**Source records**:

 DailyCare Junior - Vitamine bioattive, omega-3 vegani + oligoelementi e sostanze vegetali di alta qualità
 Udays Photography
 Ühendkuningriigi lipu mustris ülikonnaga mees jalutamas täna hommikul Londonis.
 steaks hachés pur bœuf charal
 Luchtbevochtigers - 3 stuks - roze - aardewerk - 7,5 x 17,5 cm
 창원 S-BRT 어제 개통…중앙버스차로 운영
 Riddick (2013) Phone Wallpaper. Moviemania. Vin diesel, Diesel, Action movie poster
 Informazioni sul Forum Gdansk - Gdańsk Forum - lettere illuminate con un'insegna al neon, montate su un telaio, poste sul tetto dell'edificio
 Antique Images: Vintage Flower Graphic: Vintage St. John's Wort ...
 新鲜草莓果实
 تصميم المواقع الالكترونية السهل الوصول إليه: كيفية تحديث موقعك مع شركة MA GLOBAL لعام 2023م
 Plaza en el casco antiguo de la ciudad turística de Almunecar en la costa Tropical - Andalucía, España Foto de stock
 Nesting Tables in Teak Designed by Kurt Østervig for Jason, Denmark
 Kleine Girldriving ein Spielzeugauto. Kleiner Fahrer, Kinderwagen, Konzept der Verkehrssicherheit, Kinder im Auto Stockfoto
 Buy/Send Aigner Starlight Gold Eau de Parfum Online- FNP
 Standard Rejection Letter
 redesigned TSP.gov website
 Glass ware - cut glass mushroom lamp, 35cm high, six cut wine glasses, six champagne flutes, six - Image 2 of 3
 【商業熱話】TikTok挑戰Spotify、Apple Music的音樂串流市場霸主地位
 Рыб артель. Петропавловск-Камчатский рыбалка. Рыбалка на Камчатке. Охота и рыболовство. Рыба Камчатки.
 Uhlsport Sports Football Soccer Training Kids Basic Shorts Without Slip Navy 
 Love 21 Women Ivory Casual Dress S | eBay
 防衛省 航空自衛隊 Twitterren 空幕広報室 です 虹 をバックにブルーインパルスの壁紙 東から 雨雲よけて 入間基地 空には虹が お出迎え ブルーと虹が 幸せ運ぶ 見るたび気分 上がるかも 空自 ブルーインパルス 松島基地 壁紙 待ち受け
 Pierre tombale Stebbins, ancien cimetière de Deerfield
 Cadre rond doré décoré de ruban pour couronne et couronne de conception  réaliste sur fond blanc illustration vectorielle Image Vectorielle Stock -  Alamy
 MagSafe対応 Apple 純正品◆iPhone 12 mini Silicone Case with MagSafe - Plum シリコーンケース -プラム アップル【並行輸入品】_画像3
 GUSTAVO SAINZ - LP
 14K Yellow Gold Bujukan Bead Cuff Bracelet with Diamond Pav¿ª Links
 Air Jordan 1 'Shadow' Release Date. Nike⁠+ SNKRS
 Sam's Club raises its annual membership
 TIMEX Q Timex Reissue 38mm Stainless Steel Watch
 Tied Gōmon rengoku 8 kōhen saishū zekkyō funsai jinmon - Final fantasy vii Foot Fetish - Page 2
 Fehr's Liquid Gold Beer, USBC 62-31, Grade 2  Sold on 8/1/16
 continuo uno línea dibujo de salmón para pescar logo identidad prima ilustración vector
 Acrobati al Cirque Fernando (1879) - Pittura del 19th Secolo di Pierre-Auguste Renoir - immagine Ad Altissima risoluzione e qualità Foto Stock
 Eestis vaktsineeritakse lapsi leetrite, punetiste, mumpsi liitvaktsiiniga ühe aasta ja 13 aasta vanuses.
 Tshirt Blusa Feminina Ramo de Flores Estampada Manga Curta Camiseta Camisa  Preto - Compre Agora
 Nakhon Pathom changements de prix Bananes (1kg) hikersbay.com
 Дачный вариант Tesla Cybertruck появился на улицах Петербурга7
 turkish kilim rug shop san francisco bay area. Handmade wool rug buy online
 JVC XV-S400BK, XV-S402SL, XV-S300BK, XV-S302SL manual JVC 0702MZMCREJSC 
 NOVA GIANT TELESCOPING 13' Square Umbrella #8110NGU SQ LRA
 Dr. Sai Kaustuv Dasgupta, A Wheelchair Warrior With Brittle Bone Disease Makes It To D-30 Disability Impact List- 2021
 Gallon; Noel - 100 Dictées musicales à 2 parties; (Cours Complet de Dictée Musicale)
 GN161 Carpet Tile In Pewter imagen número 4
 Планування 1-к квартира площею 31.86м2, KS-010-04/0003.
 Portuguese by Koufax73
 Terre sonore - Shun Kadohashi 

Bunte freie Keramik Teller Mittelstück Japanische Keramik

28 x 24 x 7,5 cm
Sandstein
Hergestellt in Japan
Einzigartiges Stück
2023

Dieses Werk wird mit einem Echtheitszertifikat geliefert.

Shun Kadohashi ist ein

**About this task**:
Quote the records above from their first line through the line containing "GUSTAVO SAINZ - LP", both ends included.

**Response for this exercise**:
 DailyCare Junior - Vitamine bioattive, omega-3 vegani + oligoelementi e sostanze vegetali di alta qualità
 Udays Photography
 Ühendkuningriigi lipu mustris ülikonnaga mees jalutamas täna hommikul Londonis.
 steaks hachés pur bœuf charal
 Luchtbevochtigers - 3 stuks - roze - aardewerk - 7,5 x 17,5 cm
 창원 S-BRT 어제 개통…중앙버스차로 운영
 Riddick (2013) Phone Wallpaper. Moviemania. Vin diesel, Diesel, Action movie poster
 Informazioni sul Forum Gdansk - Gdańsk Forum - lettere illuminate con un'insegna al neon, montate su un telaio, poste sul tetto dell'edificio
 Antique Images: Vintage Flower Graphic: Vintage St. John's Wort ...
 新鲜草莓果实
 تصميم المواقع الالكترونية السهل الوصول إليه: كيفية تحديث موقعك مع شركة MA GLOBAL لعام 2023م
 Plaza en el casco antiguo de la ciudad turística de Almunecar en la costa Tropical - Andalucía, España Foto de stock
 Nesting Tables in Teak Designed by Kurt Østervig for Jason, Denmark
 Kleine Girldriving ein Spielzeugauto. Kleiner Fahrer, Kinderwagen, Konzept der Verkehrssicherheit, Kinder im Auto Stockfoto
 Buy/Send Aigner Starlight Gold Eau de Parfum Online- FNP
 Standard Rejection Letter
 redesigned TSP.gov website
 Glass ware - cut glass mushroom lamp, 35cm high, six cut wine glasses, six champagne flutes, six - Image 2 of 3
 【商業熱話】TikTok挑戰Spotify、Apple Music的音樂串流市場霸主地位
 Рыб артель. Петропавловск-Камчатский рыбалка. Рыбалка на Камчатке. Охота и рыболовство. Рыба Камчатки.
 Uhlsport Sports Football Soccer Training Kids Basic Shorts Without Slip Navy 
 Love 21 Women Ivory Casual Dress S | eBay
 防衛省 航空自衛隊 Twitterren 空幕広報室 です 虹 をバックにブルーインパルスの壁紙 東から 雨雲よけて 入間基地 空には虹が お出迎え ブルーと虹が 幸せ運ぶ 見るたび気分 上がるかも 空自 ブルーインパルス 松島基地 壁紙 待ち受け
 Pierre tombale Stebbins, ancien cimetière de Deerfield
 Cadre rond doré décoré de ruban pour couronne et couronne de conception  réaliste sur fond blanc illustration vectorielle Image Vectorielle Stock -  Alamy
 MagSafe対応 Apple 純正品◆iPhone 12 mini Silicone Case with MagSafe - Plum シリコーンケース -プラム アップル【並行輸入品】_画像3
 GUSTAVO SAINZ - LP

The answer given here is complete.